- Born: Sonya Lynn Depenbusch
- Other names: Sonya Britt-Lutter; Sonya Britt;
- Occupations: Financial planner; Family therapist; Professor;

Academic background
- Education: Kansas State University (BS), 2003, (MS), 2005; Texas Tech University (PhD), 2010;
- Thesis: Three Essays on Money Arguments Between Spouses (2010)
- Doctoral advisor: Sandra J. Huston; Dorothy B. Durband;

Academic work
- Discipline: Personal financial planning
- Website: sonyalutter.com

= Sonya Lutter =

American financial planner and academic

Sonya Lutter is an American financial planner, academic, author, and professor. She is the director of Financial Health and Wellness in the School of Financial Planning at the Texas Tech University College of Human Sciences.

== Education and early life ==
Lutter grew up in the rural town of Kingman, Kansas, where her grandparents were custom harvesters of wheat, whose worked involved seasonal long-term travel in the Midwestern United States. She said that her views on money were shaped by growing up in a very small agricultural town and an incident in which her sister stole money from her piggy bank. She graduated from Kingman High School in 2000.

While working as a summer camp counselor, Lutter said she befriended a deaf girl, which caused her to want to go to college to become a speech pathologist. She enrolled in college at Kansas State University (KSU) and declared speech pathology as her major. After job shadowing practitioners working in the field and taking some of the required science coursework, she withdrew from her classes and changed majors. She said she found financial planning because she liked numbers and education, and wanted to help people. She was awarded a Bachelor of Science degree in personal financial planning from KSU in 2003.

After graduating, she said that she wanted to understand financial conflicts in family and couple dynamics, so she enrolled in a graduate education at KSU researching marriage and family therapy. She was awarded a Master of Science in 2003.

She earned a Doctor of Philosophy (PhD) in 2010 from Texas Tech University in personal financial planning.

Texas Tech University School of Financial Planning named her a Distinguished Alumni in 2023.

== Career and research ==
Lutter began her career as a marriage and family therapist. While working on her PhD, Lutter co-founded the Financial Therapy Association and served as the inaugural president in 2009. She became an assistant professor of family studies and human services in 2010 at KSU, a position in which she held until she was promoted to an associate professor in 2014, and a full professor in 2019. While a professor at KSU, she was the Program Director of the Personal Finance Planning department, the Director of the School of Family Studies and Human Services, and was a Mary L. Vanier endowed professor.

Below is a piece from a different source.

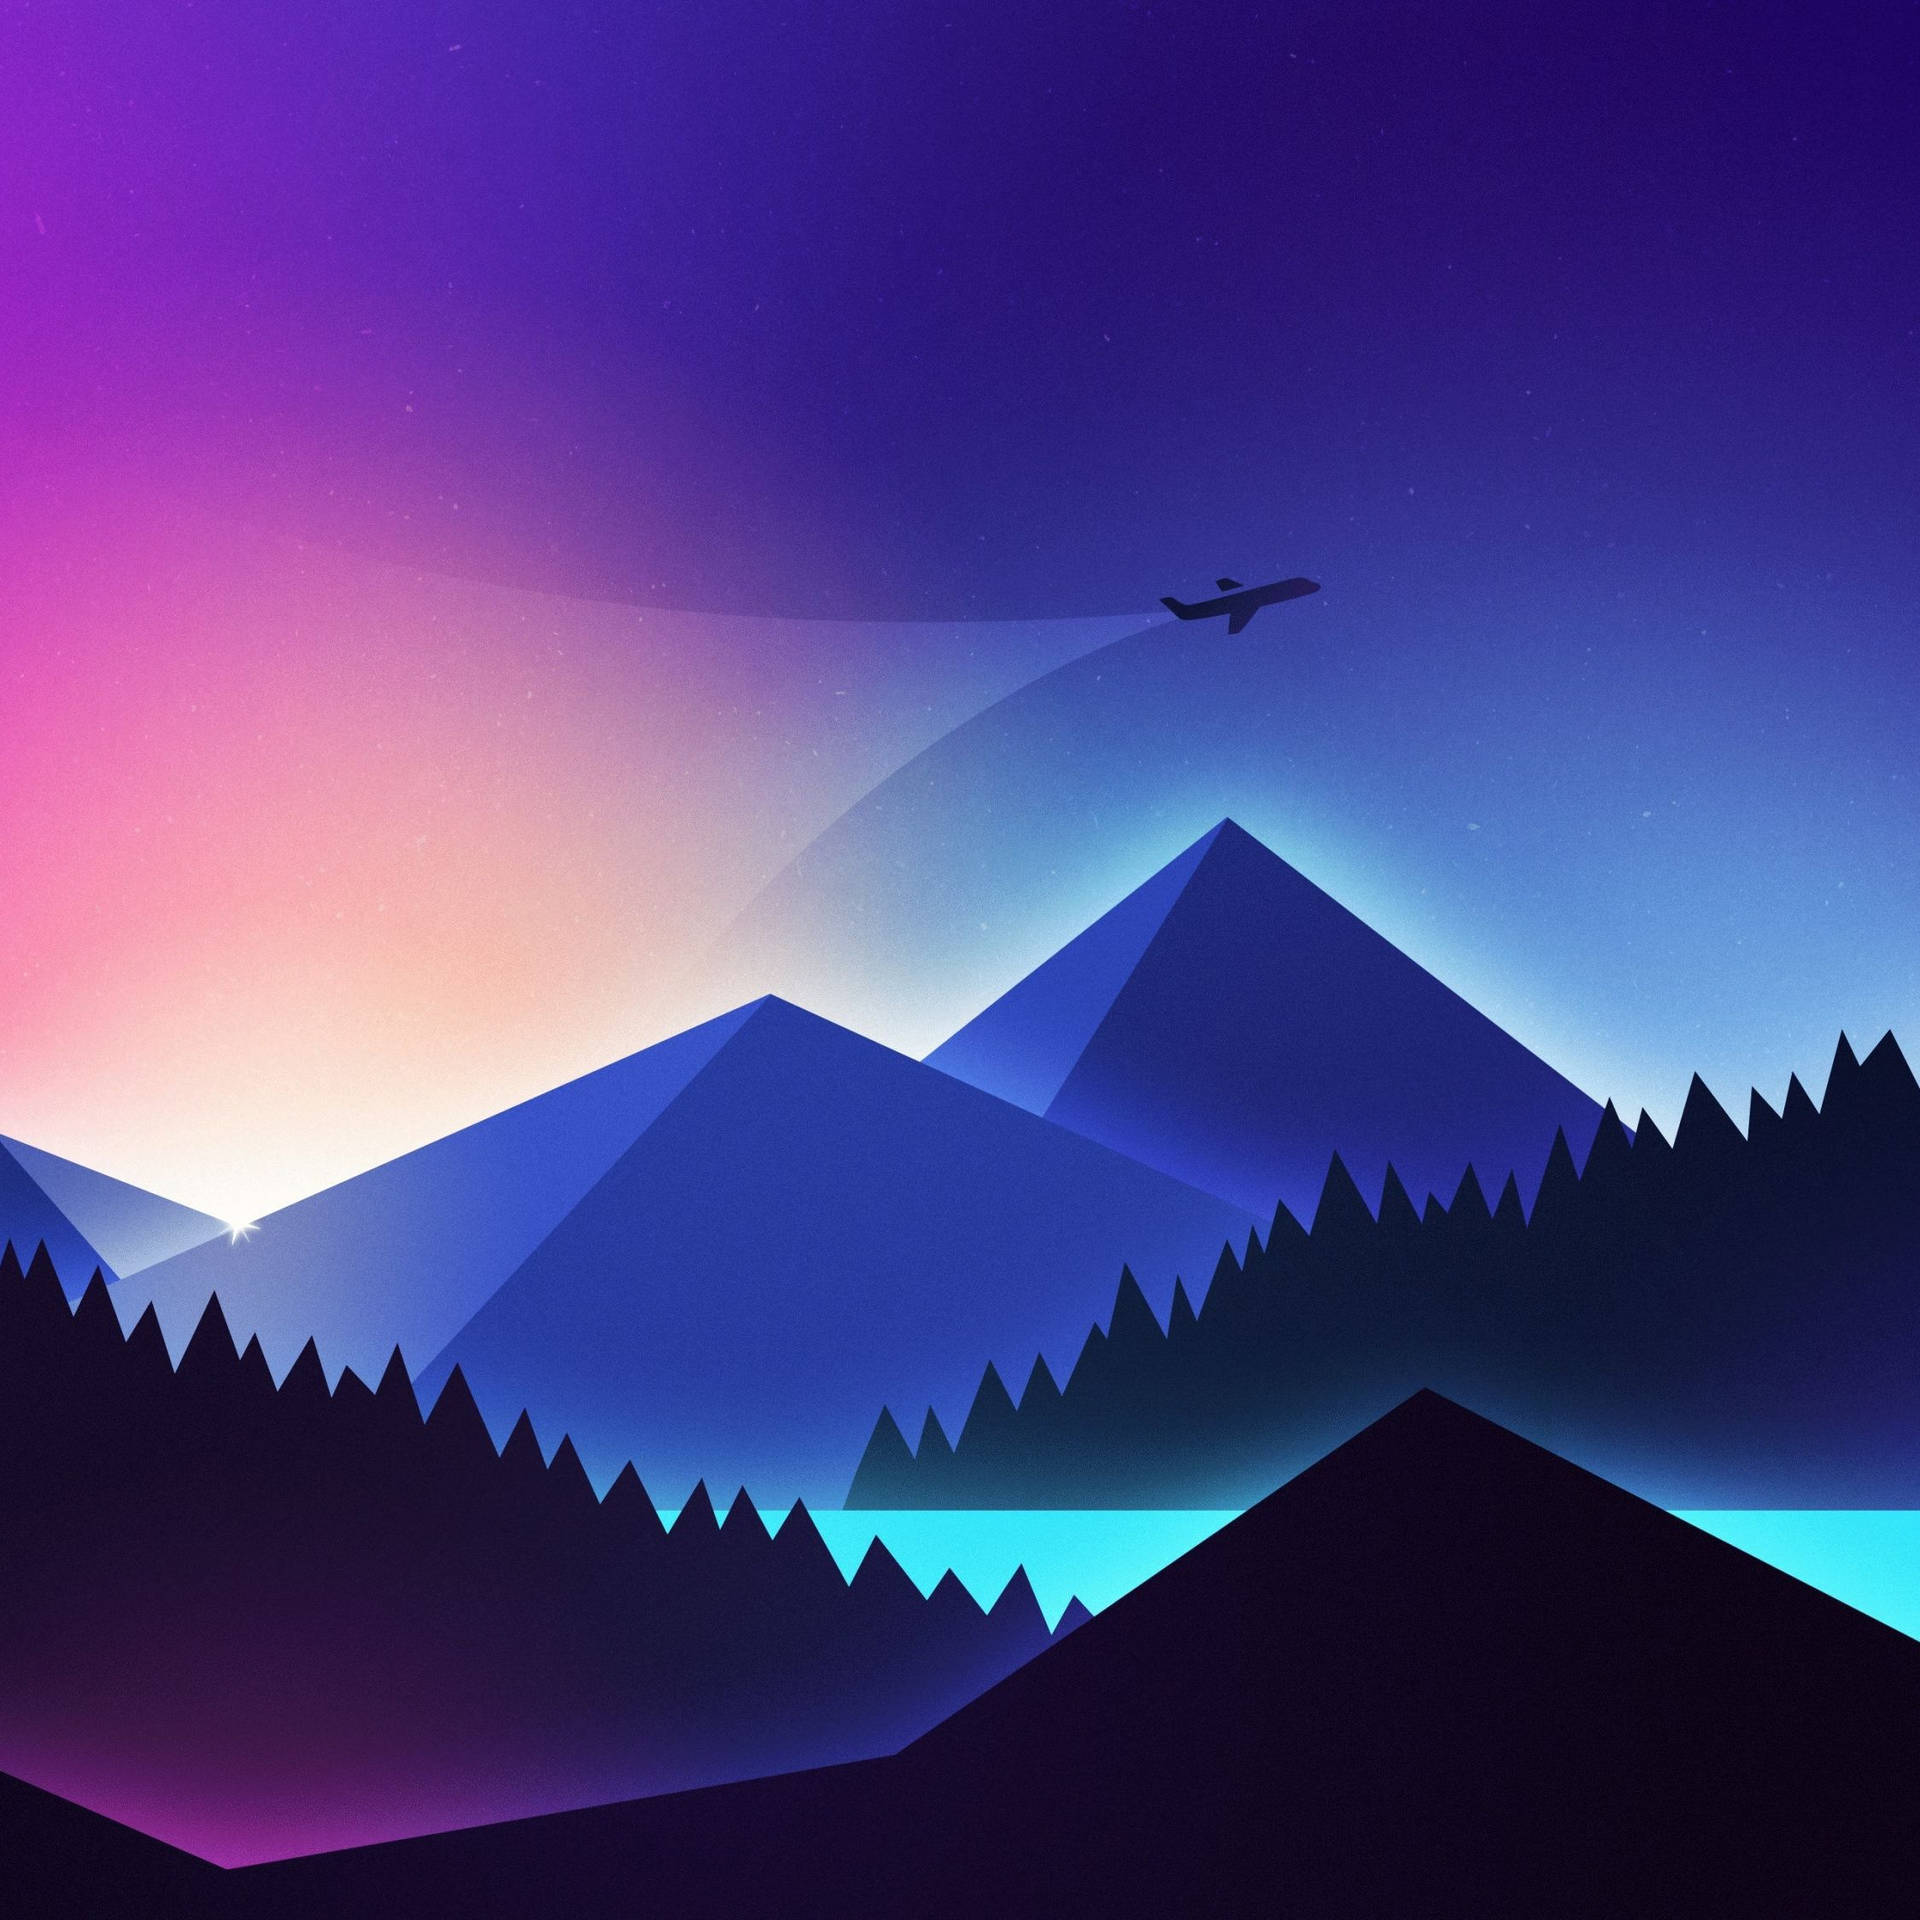 4k Ipad Plane And Mountains Wallpaper

While under her leadership, the School of Family Studies and Human Services changed names to the Department of Applied Human Sciences.

In 2014 the Association for Financial Counseling and Planning Education gave her an outstanding journal article award. In 2017 the Financial Planning Association awarded her with the Best theoretical research paper award.

She served as the director of research and education for Herbers & Company for one year.

She has served as associate editor for the Journal of Family and Economic Issues, on the editorial board of the Journal of Financial Therapy and on the international scientific board of the Italian Journal of Sociology of Education.

In 2022, she was named the inaugural director Financial Health and Wellness in the School of Financial Planning at Texas Tech University. She also serves as the Executive Director of the Institute for Systemic Financial Professionals.

==Selected publications==

- Dew, Jeffrey, Sonya Britt, and Sandra Huston. "Examining the relationship between financial issues and divorce." Family Relations 61, no. 4 (2012): 615-628.
- Britt, Sonya L., David Allen Ammerman, Sarah F. Barrett, and Scott Jones. "Student loans, financial stress, and college student retention." Journal of Student Financial Aid 47, no. 1 (2017): 3.
- Klontz, Bradley, Sonya L. Britt, Jennifer Mentzer, and Ted Klontz. "Money beliefs and financial behaviors: Development of the Klontz Money Script Inventory." Journal of Financial Therapy 2, no. 1 (2011): 1.